A higher density of cattle on introduced pastures may also play a fundamental role on the construction of local structural heterogeneity on the dung beetle assemblages, altering the vegetal succession by exerting a control in the development of foraging plants (Olff and Ritchie 1998; Adler et al. 2001). The changes in structural heterogeneity caused by intense grazing imply an alteration of habitat diversity, bringing consequences such as a more homogenous environment and transformations in local biodiversity (Wallis-de-Vries et al. 2007). In contrast, structural heterogeneity increases the quantity of ecological niches to species adapted to high or low vegetation (Debano 2006), a characteristic of native pastures in the Pantanal (Santos et al. 2011). Additionally, an increase in cattle density may reduce vegetal coverage, while also compacting the soil surface (Vzzoto et al. 2000), having a negative effect, especially on dung beetle species that build their nests below ground (Bang et al. 2005).

Functional guilds

Small tunneler beetles were dominant in native pastures. We believe that these beetles are dominant in native pastures because their size may permit a greater number of individuals and species to share the same resource (Correa et al. 2013b).
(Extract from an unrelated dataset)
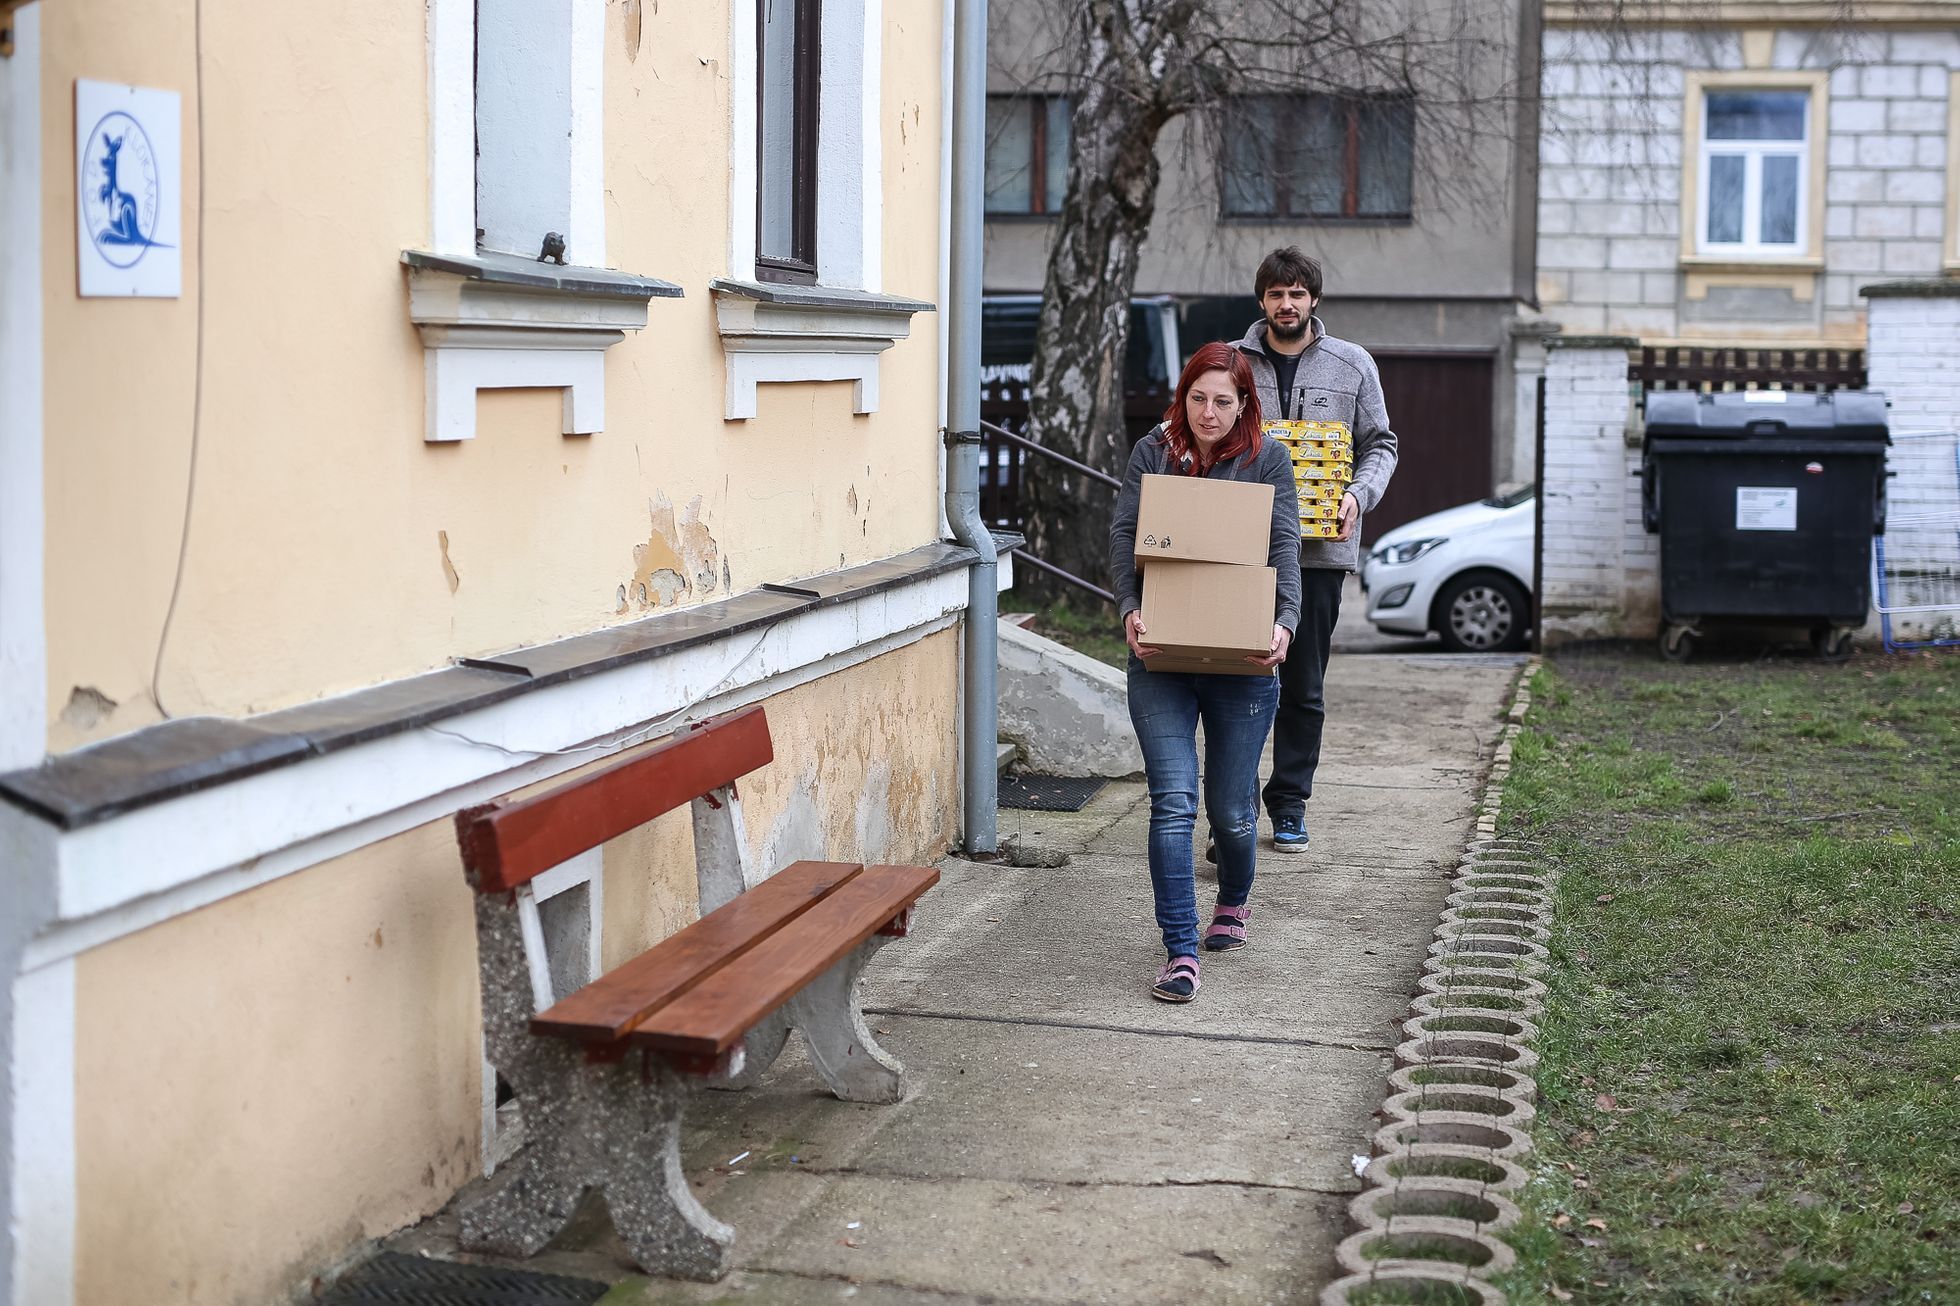 Potravinová banka Ústí nad Labem - rozdávání pomoci z Makro a Globus v Klokánku a Azylovém domě pro matky s dětmi

In contrast, the large tunneler and small dweller beetles were dominant in the introduced pastures. We believe that the predominance of large tunneler beetles in introduced pastures may in the first instance be associated with higher availability of food recourses. Moreover their large size permits individuals of this guild to use a greater quantity of dung pad (e.g. Louzada and Carvalho e Silva 2009; Correa et al. 2013b, 2016), making it less available to other beetle guilds such as dwellers and rollers. The domain of small and large tunneler beetles in native and introduced pastures, respectively, may also be related to adaptation of these species to open habitats, such as pasturelands.
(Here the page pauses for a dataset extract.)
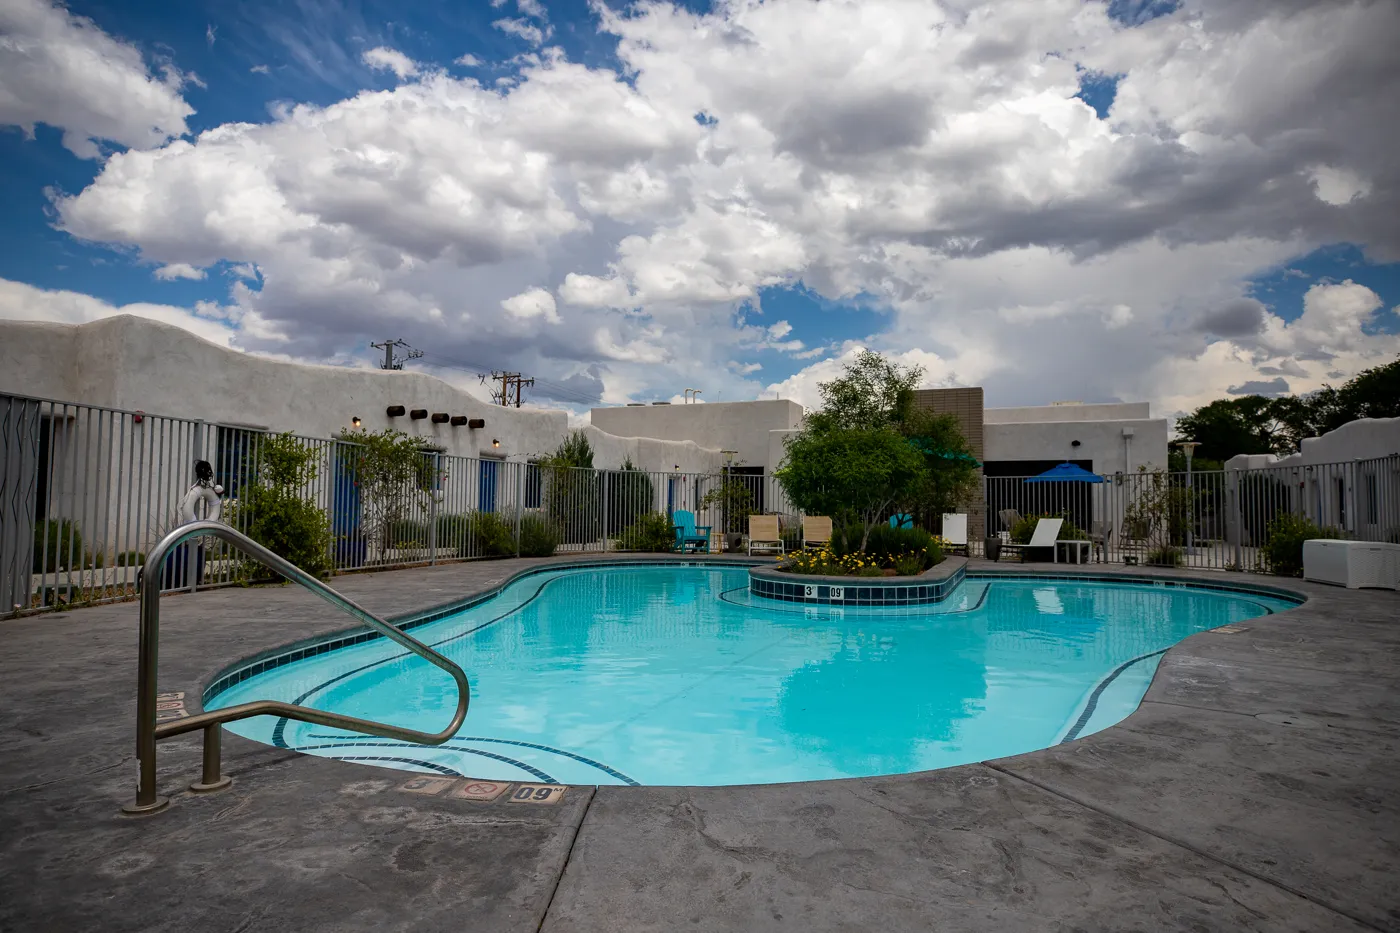 Wading pool at El Vado Motel in Albuquerque, New Mexico (Route 66 Motel)

In summary, we assert that subtle changes in vegetation structure in open areas, beyond altering the composition and the richness of dung beetle species as reported by Almeida et al. (2011) in the Cerrado, also affects the functional guilds of dung beetles.
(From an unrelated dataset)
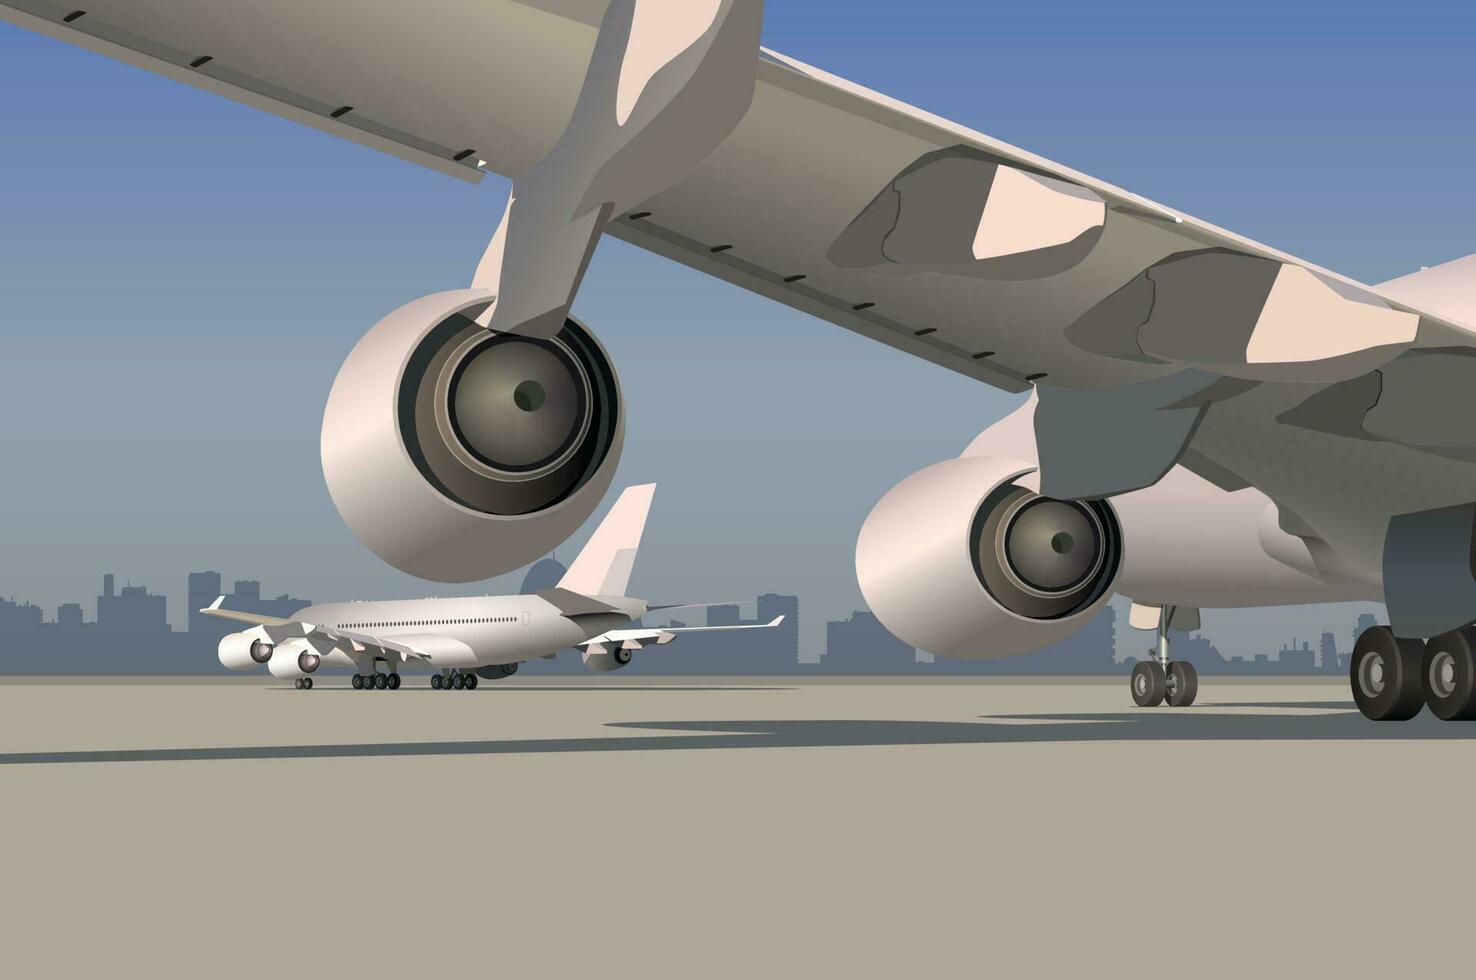 Flugzeug Flügel mit zwei Turbinen, Aussicht von Ein weiterer Flugzeug.Vektor. vektor

Conservation of dung beetles in the native pastures

In recent decades (<40 years), cattle production has been considered the main source of land use change in the Pantanal (Seidl et al. 2001; Alho et al. 2011; Silva et al. 2011). Approximately 45 % of the Pantanal has been affected by human activities, including alteration and loss of natural habitats, and if the current rate of degradation continues (2.3 % per year), natural habitats of the Pantanal will be destroyed in approximately 50 years (Silva et al. 2011). The greater dung beetle species richness in native pastures highlights the importance of these ecosystems for the conservation of dung beetle biodiversity. The Pantanal is one of the least known ecosystems in terms of biodiversity of Brazil, and it is known that invertebrates play an important functional role in its conservation (Lewinsohn et al. 2005). Thus, it is necessary to develop a management plan for livestock production in native and introduced pastures in the Pantanal that may encourage the use of native pastures, including agricultural techniques such as rotational management for more efficient use of native pastures (Eaton et al. 2011) and consequently the conservation of dung beetle biodiversity and their ecological services.